Look at the picture below: 
write picture description here

The network in the row below is actually a new layer superimposed on the network in the above row, and the weight of the new layer is superimposed. If it can learn to become an identity matrix I , then the upper and lower networks are actually equal. In other words, if the layers that continue to be stacked can learn an identity matrix, the performance of the stacked network will not be worse than the original network, that is, if it is easy to learn an identity matrix If the mapping is equal, then deeper networks are more likely to produce better performance. This is the root proposed by ResNet and the focus of this paper.

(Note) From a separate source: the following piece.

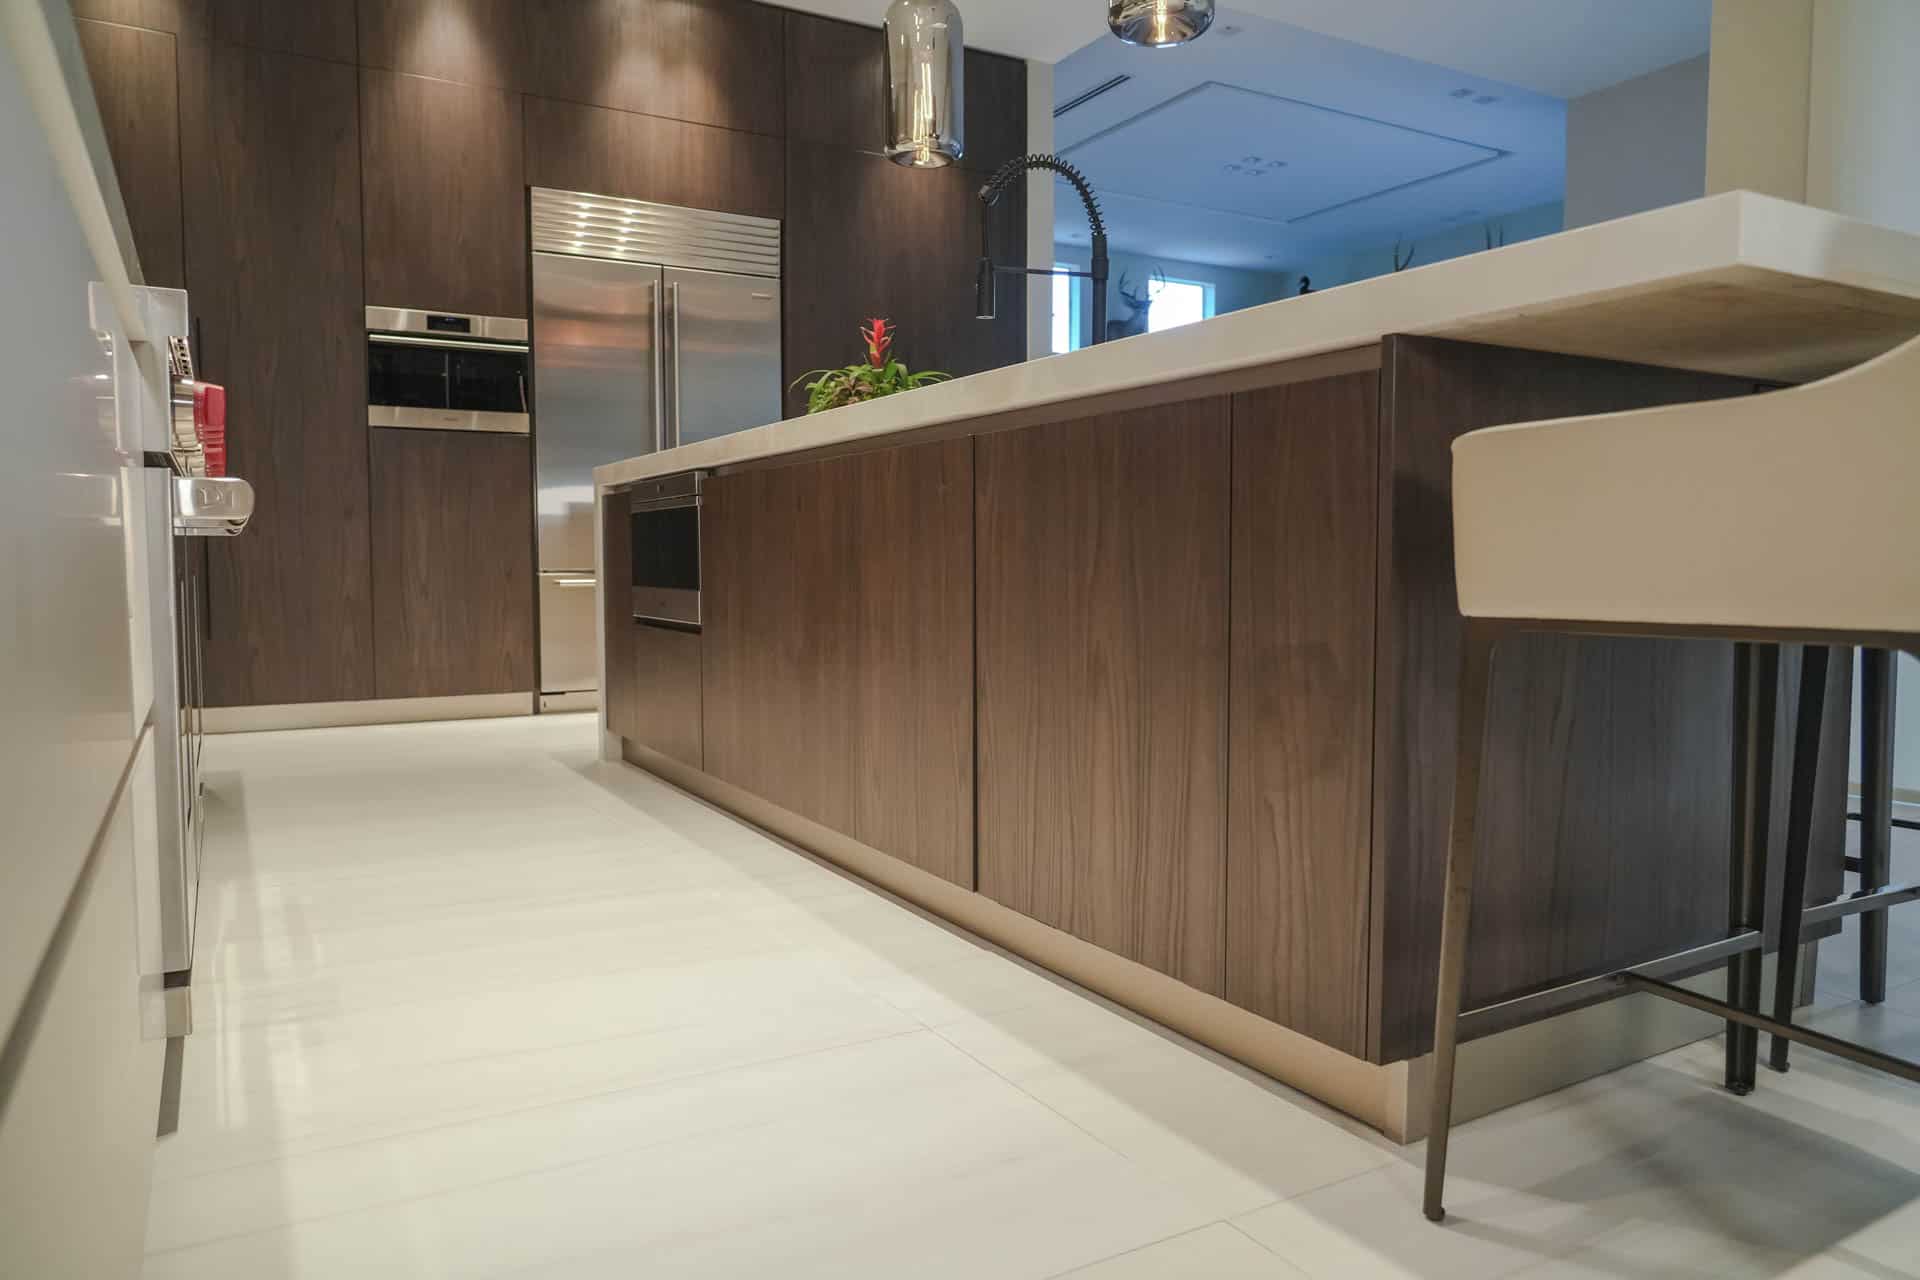 "Transform Your Kitchen with Modern Design!"

For a convolutional layer f(x,W) in a network , W is the weight of the convolutional layer. If the convolutional layer is to be an identity map, that is, f(x,W)=x , then W is Should be an identity map I , but it  is not so easy to make W = I when the network of the model becomes deeper . For each Residual Block of ResNet, to make it an identity map, that is, f(x,W)+x=x , just make W = 0, and learning a matrix of all 0s is better than learning an identity The matrix is ​​much easier, which is why ResNet still has no optimization problems when the number of layers reaches hundreds or thousands.

Improved: Residual Gates

Learning an all-zero matrix is ​​to make all the values ​​in a matrix 0, so is there an easier way? For example, just a value of 0 is enough? That's exactly the point of this article: Residual Gates.

The following figure is an improvement based on the plain network: 
write picture description here 
so f(x,W) becomes g(k)f(x,W)+(1-g(k))x , I am familiar with it, are you very familiar with it ? Like Highway Network: write picture description here , but Highway Network still needs to learn a function T(x,Wt) with x as input , so that when Wt is an all-zero matrix, the entire network is equivalent to an identity mapping. Here, only g(k) equal to 0 is required to represent the identity mapping. Note that k is also a parameter of the model, which is also obtained through the forward and reverse training of the model, and g is the activation function (ReLU), that is As long as k learns a value close to 0 or less than 0 (due to the existence of ReLU), or k=1, W=I , it is much simpler than simply relying on W to learn I. According to the author's meaning, this model has the ability to degenerate into an identity mapping, so when the number of layers is deepened, the performance of the model can be improved.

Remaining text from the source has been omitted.